Where the scheme is in deficit and where the company has agreed to a deficit funding arrangement the company recognises a liability for this obligation. The amount recognised is the net present value of the deficit reduction contributions payable under the agreement that relates to the deficit. The present value is calculated using the discount rate detailed in these disclosures. The unwinding of the discount rate is recognised as a finance cost.
PRESENT VALUES OF PROVISION
| 31 March 2023 (£s) | 31 March 2022 (£s) | 31 March 2021 (£s) |
Present value of provision | 5,659 | 10,396 | 32,494 |
RECONCILIATION OF OPENING AND CLOSING PROVISIONS
| Period Ending 31 March 2023 (£s) | Period Ending 31 March 2022 (£s) |
Provision at start of period | 10,396 | 32,494 |
Unwinding of the discount factor (interest expense) | 179 | 255 |
Deficit contribution paid | (4,824) | (5,650) |
Remeasurements - impact of any change in assumptions | (92) | (155) |
Remeasurements - amendments to the contribution schedule | - | (16,548) |
Provision at end of period | 5,659 | 10,396 |
INCOME AND EXPENDITURE IMPACT
| Period Ending 31 March 2023 (£s) | Period Ending 31 March 2022 (£s) |
Interest expense | 179 | 255 |
Remeasurements – impact of any change in assumptions | (92) | (55) |
Remeasurements - amendments to the contribution schedule | - | (16,548) |
ASSUMPTIONS
| 31 March 2023 % per annum | 31 March 2022 % per annum | 31 March 2021 % per annum |
Rate of discount | 5.40 | 2.30 | 0.86 |
The discount rates shown above are the equivalent single discount rates which, when used to discount the future recovery plan contributions due, would give the same results as using a full AA corporate bond yield curve to discount the same recovery plan contributions.

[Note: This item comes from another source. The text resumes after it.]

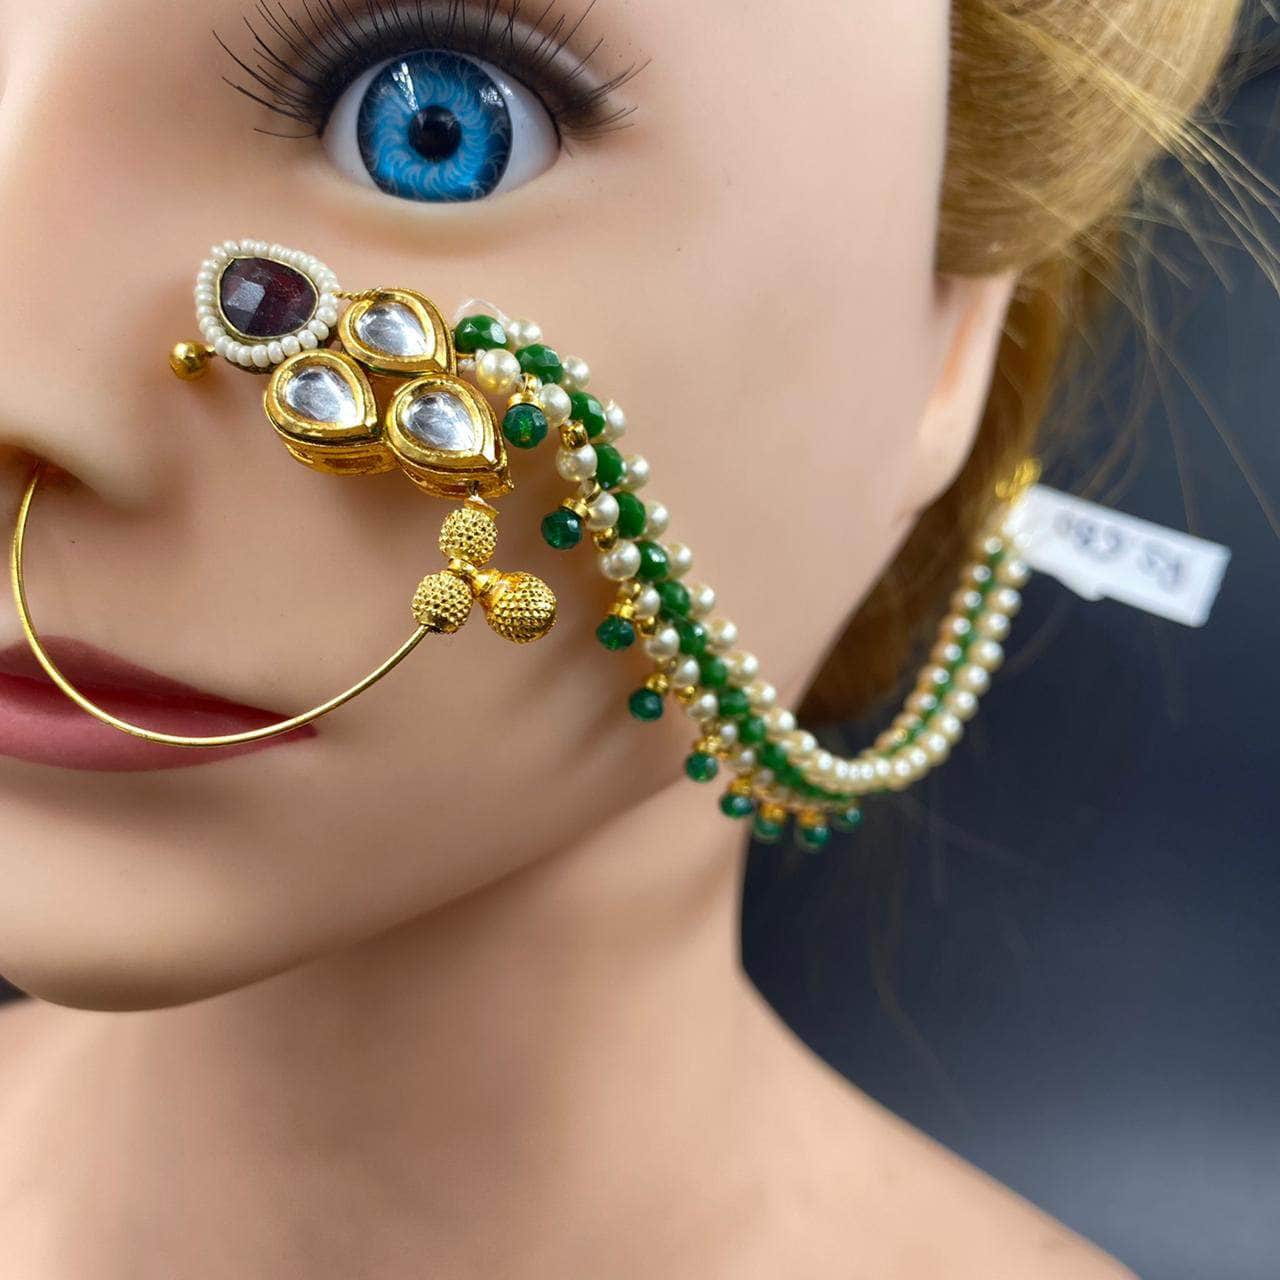 Fancy Designer Silver Plated Nose Ring For Women, सिल्वर नोज़ रिंग्स, चांदी  की नाक की बाली, सिल्वर नोज रिंग - Rehma Enterprises, Goa | ID: 25926314933

DEFICIT CONTRIBUTIONS SCHEDULE
Year ending | 31 March 2023 (£s) | 31 March 2022 (£s) | 31 March 2021 (£s) |
Year 1 | 4,969 | 4,824 | 5,650 |
Year 2 | 853 | 4,969 | 5,820 |
Year 3 | - | 853 | 5,995 |
Year 4 | - | - | 6,174 |
Year 5 | - | - | 6,360 |
Year 6 | - | - | 3,275 |
The company must recognise a liability measured as the present value of the contributions payable that arise from the deficit recovery agreement and the resulting expense in the income and expenditure account i.e. the unwinding of the discount rate as a finance cost in the period in which it arises.
It is these contributions that have been used to derive the company's balance sheet liability.